It was as dreary as listening to the formulaic assessments of political economy by an unreconstructed Leninist. But Sunday morning with Steve Ciobo, Australia’s trade minister, was such an occasion.
The Trans-Pacific Partnership, withering away on the branch of false optimism, has been an instrument of deserved suspicion and opprobrium from popular movements across countries suspicious about the paternalistic follies of their governments. It was precisely opposition to such a proposed agreement, negotiated in total secrecy away from the prying eyes of public interest groups, that fuelled the campaigns of Bernie Sanders and Donald Trump during the 2016 US presidential elections.
Even Hillary Clinton, whose husband was a vital figure behind initiating the North American Free Trade Agreement during the 1990s, began to chew some of the anti-free trade cud close to her ignominious defeat.
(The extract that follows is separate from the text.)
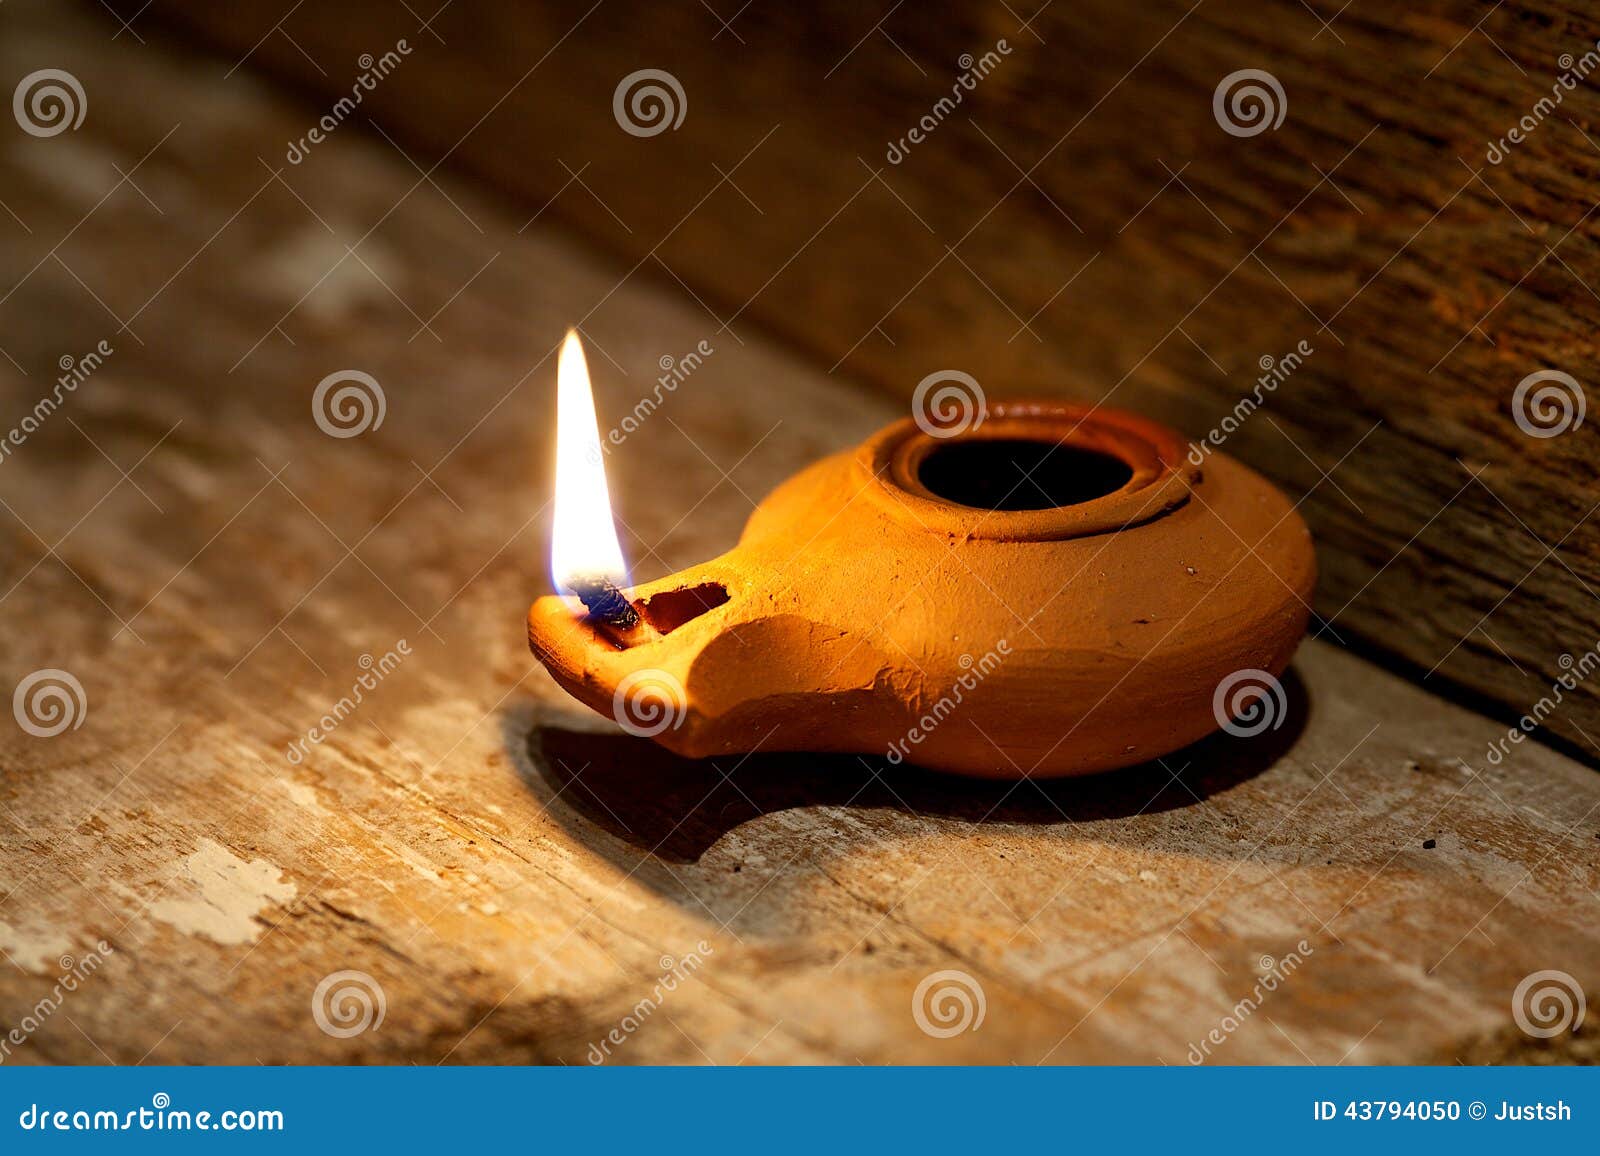 ancient middle eastern oil lamp made in clay on wood table

No free trade faith quite matches the monomania of Australian governments. Since the 1980s, liberalising and opening the economy has been an unshakeable trajectory, a punishing, stripping dogma that insists that being economically open is liberally good, and closed, parochially bad.
While other states have wised up to the idea that total openness is a recipe for local instability, estrangement, and disaster, the Australian response has been unshakeable: keep borders open and corporations content, except when it comes to refugees who arrive by boat. As Australian Prime Minister, Malcolm Turnbull has insisted with staid predictability, the TPP “creates rules of the road to match the new economic world in which we’re living.”
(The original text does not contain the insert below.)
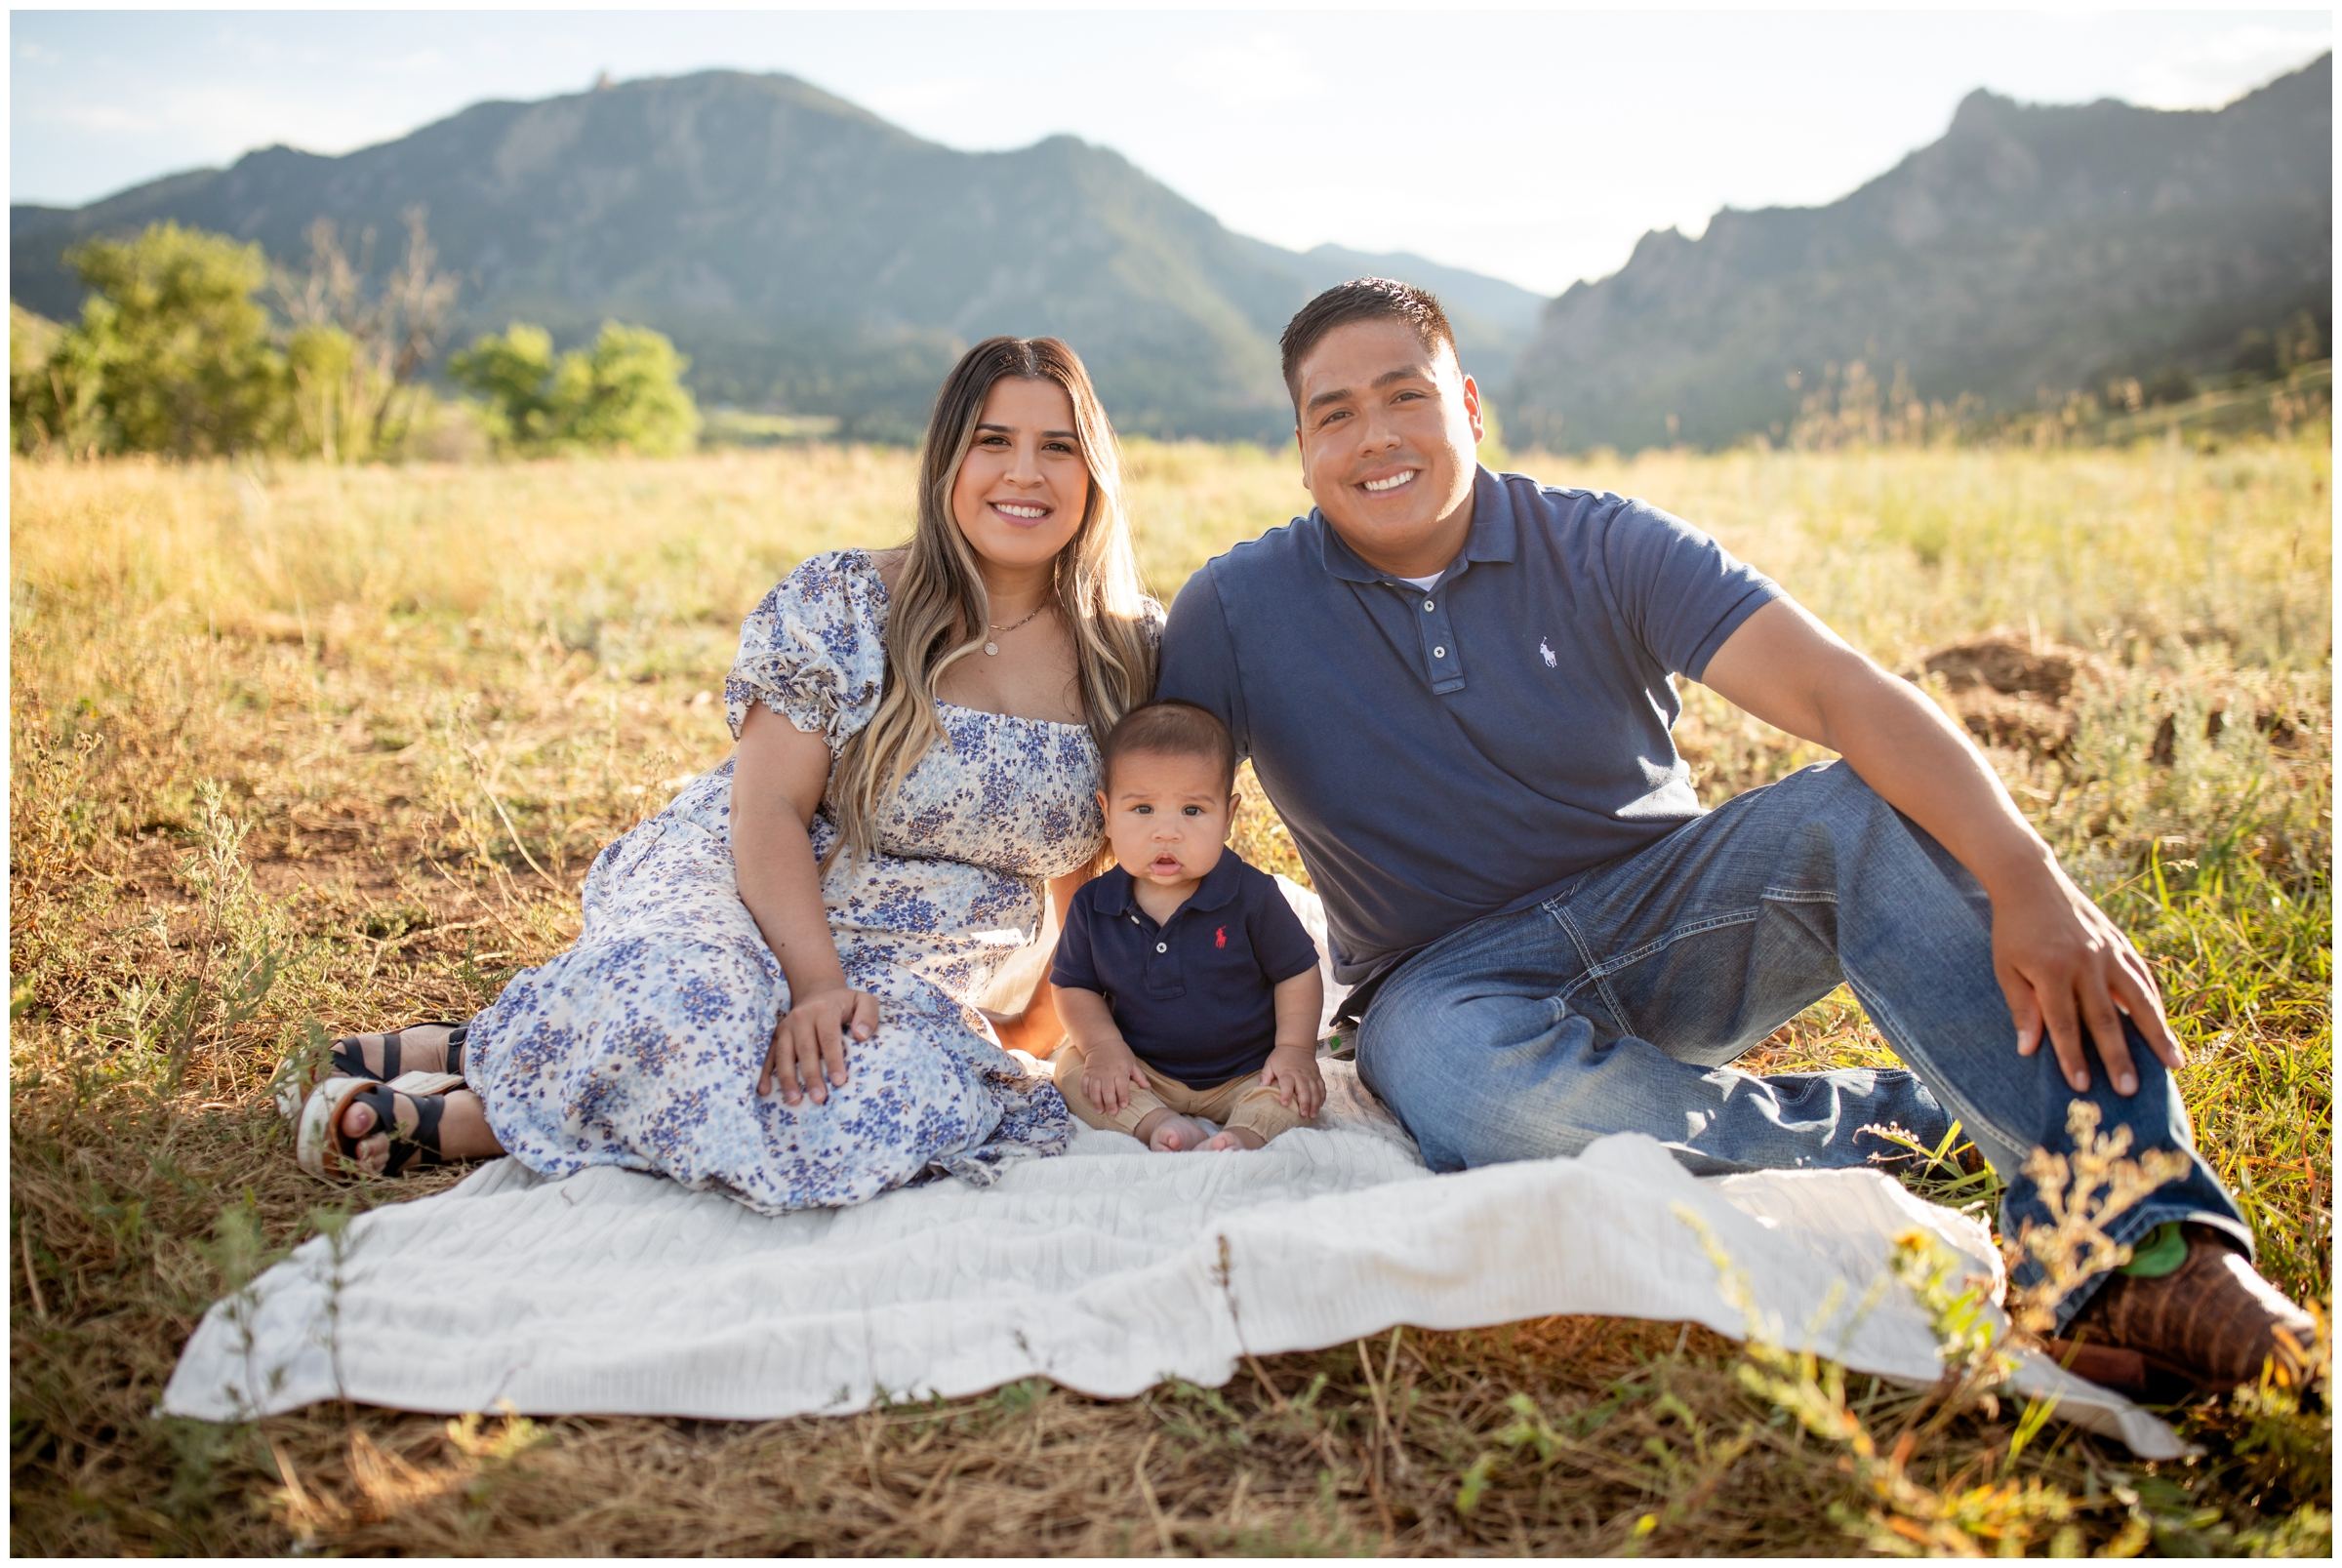 Boulder CO family portraits at South Mesa Trail by best Colorado family photographer Plum Pretty Photography

For all this, Australia’s own industries have been supplanted. Energy and banking oligopolies have been given free rein to operate. Property prices in Sydney and Melbourne are reaching stratospheric heights, and the current government is promising to partly subsidise what will become one of the world’s largest, and environmentally destructive, of white elephants: the Carmichael coal mine in Queensland.
Most telling of all is that the free traders have no interest in considering data of such irrefutable weight it should put an end to that unfortunately lingering religion. The US-Australian Free Trade agreement remains a matter of considerable loss to Australia, limiting rather than extending markets and access to Australian producers, and showing the country’s diplomatic crew as inept, ill-informed and, in the final analysis, sycophantic.
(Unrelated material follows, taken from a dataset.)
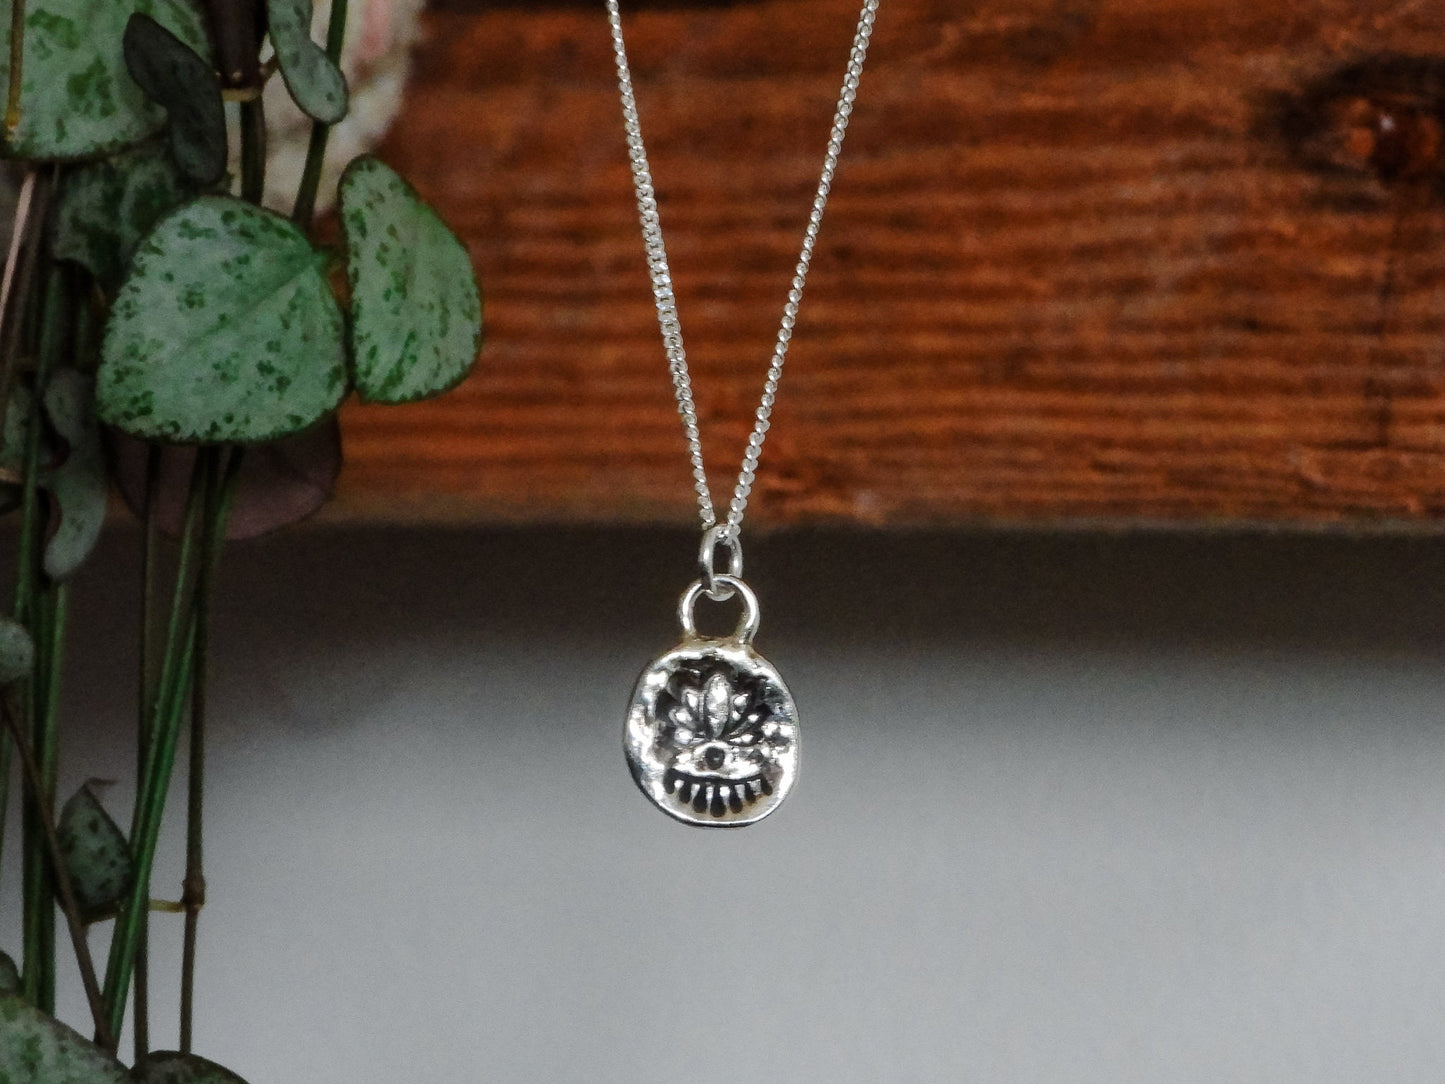 Rustic Lotus Flower Silver Coin Necklace | Self Growth

None of these points concern the bemused Ciobo. Ideology has already set the tone in this field. When the United States announced, through President Donald J. Trump, that it would have no truck with the TPP, the Australian delegation was left baffled but unmoved. The remaining states would keep the ship steady.
Now that Canada’s Justin Trudeau has decided to give the remaining countries a grand snub, Ciobo has been left searching for justifications. On Saturday in Danang, the Canadian Prime Minister did not so much decide to leave the party as ask for another one with a new set of provisions. In the spirit of Trump, he wished to negotiate for a deal would be far more beneficial to Canada than what was already on the table.
Trudeau insisted at his closing APEC news conference that the Canadians “were not going to be rushed into a deal”. It was a matter that came as “no surprise and it actually didn’t come as a surprise to people who’d noticed that I was saying that and have been saying that all week.”
It certainly did come as a surprise to the lethargic Australians, already convinced that a revised deal had plugged all holes, and settled all differences. The problematic intellectual property restrictions, for one, were supposedly to be suspended. Concessions had been made.
Lindsay Murdoch of the Sydney Morning Herald insisted that the Canadian leader had “sabotaged the endorsement of a pact to salvage a multi-billion dollar, 11-nation Pacific Rim trade deal at the last minute, surprising other nations, including Australia’s Malcolm Turnbull.”
Murdoch even went so far as to speculate that Trudeau had engaged in an entirely unilateral move, one that went against the wishes of his own cabinet. “Mr. Trudeau’s walk-out is deeply embarrassing for his Trade Minister François-Philippe Champagne, who has agreed to the deal.”
On Sunday, Ciobo suffered what can only be an episode of denial, having himself been asleep for a good deal of Trudeau’s conversion. “Having lost a bit of momentum on the back of the decision by the Canadians not to attend the leaders meeting on the TPP11, we’ll have to keep working methodically through it.”
Notwithstanding the Canadian rebuff, Ciobo could still insist with an unmoving, humourless face that matters would work out for the free marketers. “I’m very confident. And I know my counterparts in the 10 other countries, we all feel that we can accommodate the various questions that are outstanding.”
The new approach was to suggest that Trudeau’s behaviour could be managed and tempered. Exemptions on culture, notably those touching on French-speaking Quebec, might be considered. After all, claimed Ciobo, the TPP was of the very highest “quality”, a deal maintaining “high standards and would have been seen benefits flowing to the countries.”
That these benefits are speculative and almost entirely corporate based rather than focused on the commonweal, suggests why the Australian delegation, along with its like-minded colleagues, has been left in the lurch. It remains for others to wake up from this self-imposed hibernation from sense and sensibility.